=== WHAT TO DO ===
In the material below, the lines from the one containing "Pruženka hladká šíře" through the one containing "贵州城市职业学院上升一名,排名第二;第一名铜仁职业技术学院继续领跑" are to be given again exactly, ends included, and no others.

=== DATA TO PROCESS ===
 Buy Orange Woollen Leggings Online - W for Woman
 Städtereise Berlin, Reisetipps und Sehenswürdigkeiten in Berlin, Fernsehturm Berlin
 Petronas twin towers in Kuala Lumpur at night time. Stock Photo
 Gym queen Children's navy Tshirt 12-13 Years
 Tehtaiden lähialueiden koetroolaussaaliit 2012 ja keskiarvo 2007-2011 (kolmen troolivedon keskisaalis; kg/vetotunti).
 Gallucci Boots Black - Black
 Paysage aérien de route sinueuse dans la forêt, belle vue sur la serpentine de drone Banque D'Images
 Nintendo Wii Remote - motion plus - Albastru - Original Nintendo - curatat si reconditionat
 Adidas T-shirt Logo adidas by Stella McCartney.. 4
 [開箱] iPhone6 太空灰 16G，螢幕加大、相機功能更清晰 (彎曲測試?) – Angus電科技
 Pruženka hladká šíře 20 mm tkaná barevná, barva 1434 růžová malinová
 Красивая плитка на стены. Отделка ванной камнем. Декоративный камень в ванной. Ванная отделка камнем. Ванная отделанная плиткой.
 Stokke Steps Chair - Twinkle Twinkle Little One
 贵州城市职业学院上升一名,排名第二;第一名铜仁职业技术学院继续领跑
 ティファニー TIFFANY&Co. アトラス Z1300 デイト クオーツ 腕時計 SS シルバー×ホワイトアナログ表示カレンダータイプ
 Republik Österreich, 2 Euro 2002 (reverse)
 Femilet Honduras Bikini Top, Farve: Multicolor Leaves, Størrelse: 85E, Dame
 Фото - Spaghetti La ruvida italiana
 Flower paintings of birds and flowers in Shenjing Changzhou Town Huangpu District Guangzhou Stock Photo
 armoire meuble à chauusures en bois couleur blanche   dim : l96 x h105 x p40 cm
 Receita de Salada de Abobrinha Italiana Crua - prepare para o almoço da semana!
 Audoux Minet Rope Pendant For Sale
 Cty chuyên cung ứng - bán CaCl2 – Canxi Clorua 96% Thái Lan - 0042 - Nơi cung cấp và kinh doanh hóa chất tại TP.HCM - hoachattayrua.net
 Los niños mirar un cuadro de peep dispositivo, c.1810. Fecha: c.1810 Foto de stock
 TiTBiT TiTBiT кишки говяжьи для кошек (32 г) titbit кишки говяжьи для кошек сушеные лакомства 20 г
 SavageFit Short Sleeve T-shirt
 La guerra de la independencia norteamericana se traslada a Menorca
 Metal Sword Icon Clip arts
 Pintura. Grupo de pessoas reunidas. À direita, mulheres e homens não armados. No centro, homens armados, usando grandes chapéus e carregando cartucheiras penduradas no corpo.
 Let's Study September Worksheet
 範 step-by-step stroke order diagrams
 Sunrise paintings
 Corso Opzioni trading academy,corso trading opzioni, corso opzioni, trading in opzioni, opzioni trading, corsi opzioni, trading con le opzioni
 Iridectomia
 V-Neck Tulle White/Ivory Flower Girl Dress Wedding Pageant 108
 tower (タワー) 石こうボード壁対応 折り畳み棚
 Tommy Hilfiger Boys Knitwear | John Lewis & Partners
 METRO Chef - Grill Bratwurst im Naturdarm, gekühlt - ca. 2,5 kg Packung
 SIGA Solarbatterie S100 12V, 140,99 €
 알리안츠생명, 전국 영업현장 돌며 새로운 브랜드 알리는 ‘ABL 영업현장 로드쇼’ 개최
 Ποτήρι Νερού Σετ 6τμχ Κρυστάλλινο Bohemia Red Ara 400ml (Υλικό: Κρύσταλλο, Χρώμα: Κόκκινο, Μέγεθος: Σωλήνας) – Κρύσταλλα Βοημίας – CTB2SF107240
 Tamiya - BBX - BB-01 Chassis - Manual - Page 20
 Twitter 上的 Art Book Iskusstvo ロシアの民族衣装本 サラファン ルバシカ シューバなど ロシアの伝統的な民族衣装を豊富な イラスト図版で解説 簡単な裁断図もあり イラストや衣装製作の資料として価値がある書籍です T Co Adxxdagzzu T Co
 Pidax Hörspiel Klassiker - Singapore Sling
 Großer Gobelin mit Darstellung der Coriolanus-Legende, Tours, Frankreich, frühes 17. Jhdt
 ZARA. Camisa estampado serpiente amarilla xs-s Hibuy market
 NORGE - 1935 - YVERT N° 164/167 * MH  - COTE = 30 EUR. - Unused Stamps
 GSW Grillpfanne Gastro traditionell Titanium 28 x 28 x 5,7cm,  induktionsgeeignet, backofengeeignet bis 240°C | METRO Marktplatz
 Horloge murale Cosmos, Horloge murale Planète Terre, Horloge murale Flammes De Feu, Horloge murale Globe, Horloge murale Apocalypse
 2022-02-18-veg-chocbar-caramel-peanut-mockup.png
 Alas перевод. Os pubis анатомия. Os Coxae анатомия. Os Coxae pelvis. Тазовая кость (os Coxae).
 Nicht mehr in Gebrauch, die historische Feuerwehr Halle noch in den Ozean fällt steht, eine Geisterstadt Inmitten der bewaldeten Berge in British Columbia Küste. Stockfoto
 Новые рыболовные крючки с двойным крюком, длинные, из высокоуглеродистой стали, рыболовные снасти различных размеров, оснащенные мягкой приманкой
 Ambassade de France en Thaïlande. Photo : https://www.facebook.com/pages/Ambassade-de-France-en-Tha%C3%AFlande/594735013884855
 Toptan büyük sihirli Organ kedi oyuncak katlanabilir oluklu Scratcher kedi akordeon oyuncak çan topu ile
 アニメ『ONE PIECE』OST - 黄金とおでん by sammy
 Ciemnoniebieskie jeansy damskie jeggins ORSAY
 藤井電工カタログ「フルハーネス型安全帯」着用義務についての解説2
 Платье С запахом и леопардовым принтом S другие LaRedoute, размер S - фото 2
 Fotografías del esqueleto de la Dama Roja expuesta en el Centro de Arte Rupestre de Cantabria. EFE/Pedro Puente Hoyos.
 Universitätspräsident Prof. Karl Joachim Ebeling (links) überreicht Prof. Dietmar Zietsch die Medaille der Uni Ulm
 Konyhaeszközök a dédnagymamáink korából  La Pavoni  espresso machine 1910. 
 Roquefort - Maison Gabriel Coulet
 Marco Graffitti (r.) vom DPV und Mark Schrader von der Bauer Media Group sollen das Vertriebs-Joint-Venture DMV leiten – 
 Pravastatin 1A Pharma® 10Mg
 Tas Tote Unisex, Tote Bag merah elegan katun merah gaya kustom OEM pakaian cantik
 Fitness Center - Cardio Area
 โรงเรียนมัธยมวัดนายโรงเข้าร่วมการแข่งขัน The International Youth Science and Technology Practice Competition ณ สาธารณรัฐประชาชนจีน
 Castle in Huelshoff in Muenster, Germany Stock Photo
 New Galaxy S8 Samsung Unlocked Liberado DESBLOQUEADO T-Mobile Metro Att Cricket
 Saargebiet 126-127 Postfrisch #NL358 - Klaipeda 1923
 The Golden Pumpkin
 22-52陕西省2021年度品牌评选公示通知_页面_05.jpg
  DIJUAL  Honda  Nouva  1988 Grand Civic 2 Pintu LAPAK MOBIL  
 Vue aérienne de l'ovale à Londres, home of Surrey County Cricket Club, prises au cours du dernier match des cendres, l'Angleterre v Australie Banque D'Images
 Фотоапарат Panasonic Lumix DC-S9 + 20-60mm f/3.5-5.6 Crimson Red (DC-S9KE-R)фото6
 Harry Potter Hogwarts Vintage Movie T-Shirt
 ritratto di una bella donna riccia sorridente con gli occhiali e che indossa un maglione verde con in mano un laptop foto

=== SOLUTION TO THIS EXERCISE ===
 Pruženka hladká šíře 20 mm tkaná barevná, barva 1434 růžová malinová
 Красивая плитка на стены. Отделка ванной камнем. Декоративный камень в ванной. Ванная отделка камнем. Ванная отделанная плиткой.
 Stokke Steps Chair - Twinkle Twinkle Little One
 贵州城市职业学院上升一名,排名第二;第一名铜仁职业技术学院继续领跑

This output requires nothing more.